Wednesday 22 February 2012

Kinky sex (part 1)

People engage in a variety of sexual acts from time to time, and for a wide variety of reasons. There is an old saying that applies to sex. It goes like this: Different strokes for different folks. What this means is that you shouldn’t criticize others who choose to have sex in a way that is different than the way you choose to have sex. There are exceptions to this however such as rape, child molestation, excessive violence and dangerous sex techniques where you risk your life.

Kinky sexual practices go beyond what are considered conventional sexual practices as a means of heightening the intimacy between sexual partners.

Conventional sexual activity can be classified in a number of ways. It can refer to acts which involve one person, such as masturbation, or to two people, such as sexual intercourse, oral sex, sodomy or mutual masturbation. If there are more than two participants in the sex act, it may be referred to as group sex. Autoerotic sexual activity can involve use of dildos, vibrators, anal beads, and other sex toys, though these devices can also be used with a partner. There is nothing that is really unusual about these kinds of sexual practices. Most people experiment with a range of sexual activities during their lives, although they tend to engage in only a few of these regularly such as what one could call conventional sex techniques.

However, a great many people choose to involve themselves with what can be best described as kinky sex techniques. There are two main risks that arise from kinky sexual activity. These are physical injury, and psychological injuries.

Bondage and sado/masochistic techniques come under the heading of kinky sex even though thousands upon thousands of people indulge in this kind of sex.

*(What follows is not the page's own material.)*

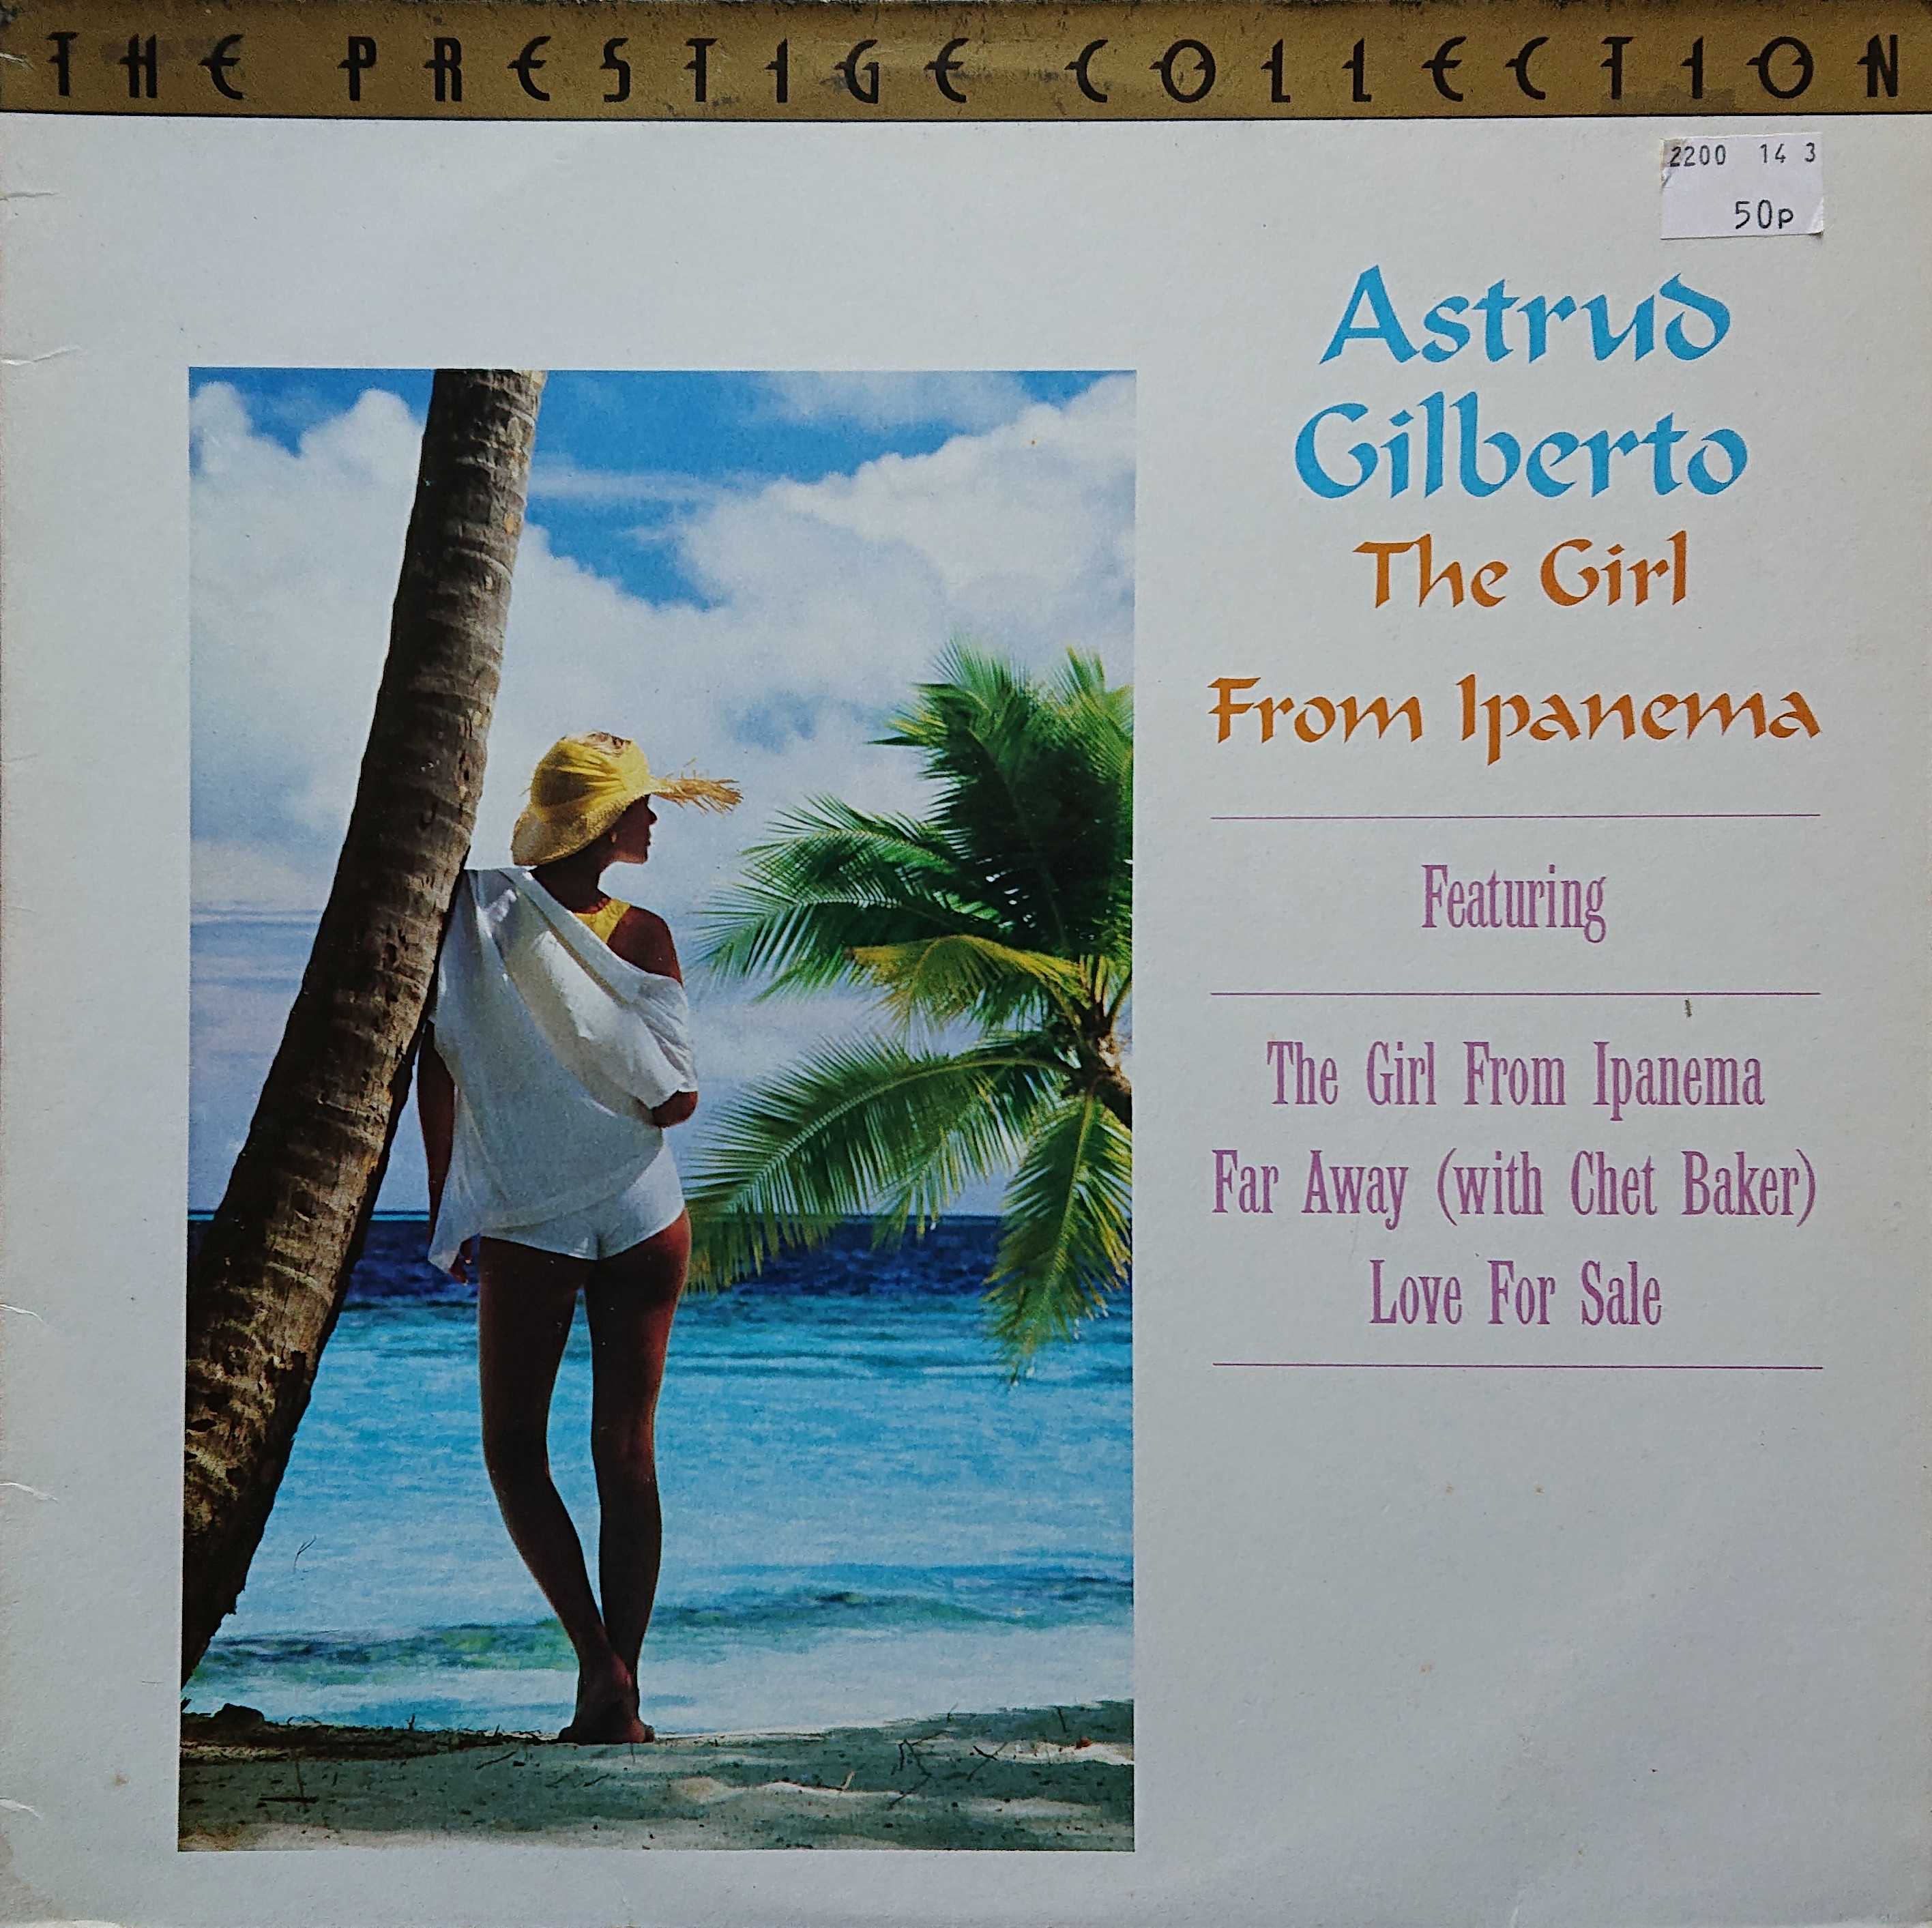 Picture of The girl from Ipanema by artist Astrud Gilberto from the BBC albums - Records and Tapes library

The reason why I have classed this kind of sex as being kinky is because it involves pain and humiliation which places this kind of sexual relationship between sex partners as being kinky even though most who indulge in it think of it as being normal.

Bondage is the use of restraints for the sexual pleasure of the parties involved. It may be used in its own right, as in the case of rope bondage and breast bondage, or as part of sexual activity where one partner ties up another partner by his feet or hands. It can also include having a leather mask placed over the face of one partners and it also involves the use of a whip.

Some people regard bondage to be erotically stimulating or sexually arousing. Bondage features in some sexual fantasy scenarios. Studies of men's fantasies have shown that the fantasy of being bound during intercourse is second in frequency only to the basic fantasy of sex with a voluptuous nude woman. I might add that both men and women find it sexually titillating to fantasize being raped by a member of the opposite sex which will explain why some people like having sex with two or more people of the opposite sex.

Bondage has a sexual appeal to people of both sexes and all sexual orientations, in either a dominant (top) or submissive (bottom) role.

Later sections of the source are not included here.